Monday, August 18, 2014

Strengthening Characters By Defining Limits

So, how strong is strong? An important question you need to debate is just how strong your characters are. It may seem trivial when dealing with worlds where strength seems solely dependent on the writer's whim, but it does help in consistency. More to the point, it gives you an additional tool when writing to play with.

Think about it: Once you establish a character's strength, it means you have established a limit, and limits, for a writer, are always a good thing. It means you can build a proper challenge for the character, and one that works for the readers. You need to establish that you will not add something just for the sake of making it easier for the characters, such as surprise new powers, as well as a reputation for occasionally allowing the characters to lose in a big way.

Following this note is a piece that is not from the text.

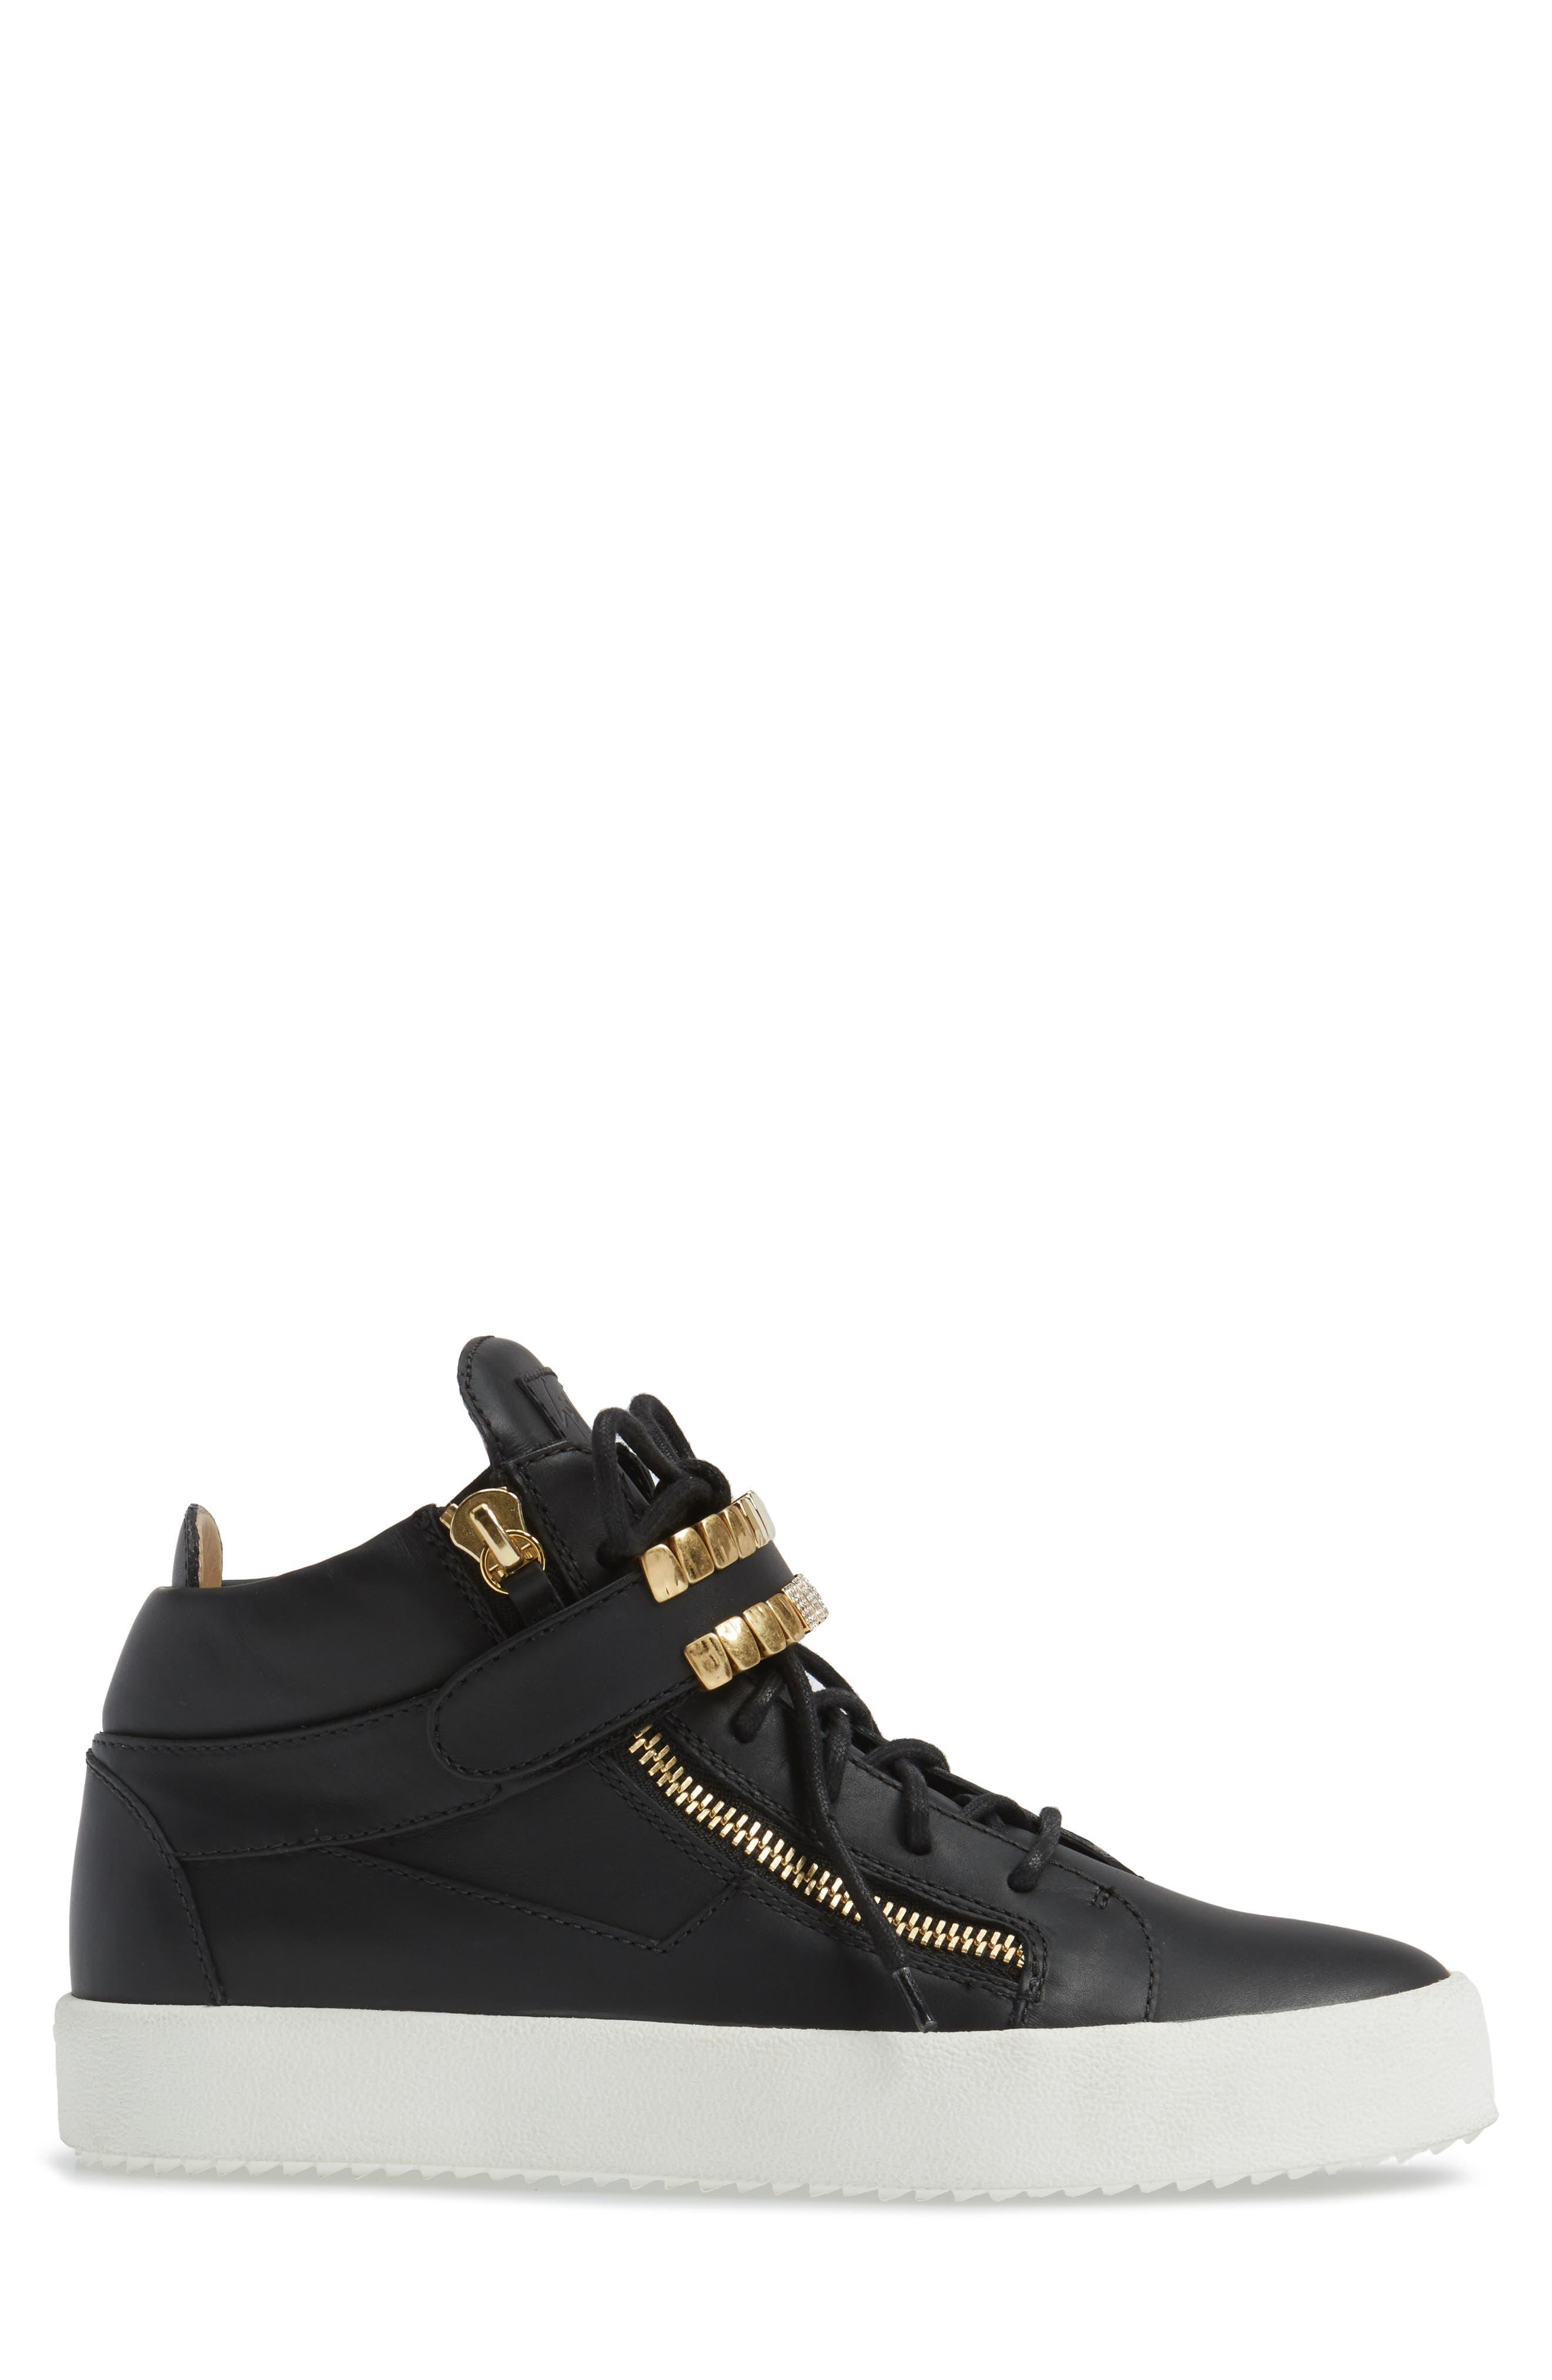 Alternate Image 3  - Giuseppe Zanotti Mid Top Sneaker (Men)

If readers know what the character can and can't do, and that they can suffer, then that creates a lot more suspense than if the character has the ability to grow new powers at will and you know he can never lose. That's fine is some comics, but those comics also buid suspense in a different way, by whettng readers curiosity as to what the character will do this time. That can work, but that's a different kind of story. Here, we're trying to build suspense through the character facing limits with the knowledge that he may not overcome them, and that's a great a tool.

Obviously a character can grow, and sometimes losing can provide that motivation. There is a reason that so many stories are pretty much lose-train-win; it's a working formula. If you have have a lot more room to play, such as with a novel or graphic novel, you can have the character find other ways to deal with his limitations, such as nifty new sword, upgrading his armor, or inventing a potion that allows him to overcome his limits. It's possible that one of his items can even become self-aware and start gaining abilities to enhance him or his familiar gain a more powerful form. Just try to actually define those abilities well enough that they are not either over-powered or a deux ex machina.

In essence, the better you define the character and what he can do, the more you can actually do with him. A simple point, but you would be surprised just how much you can get from it.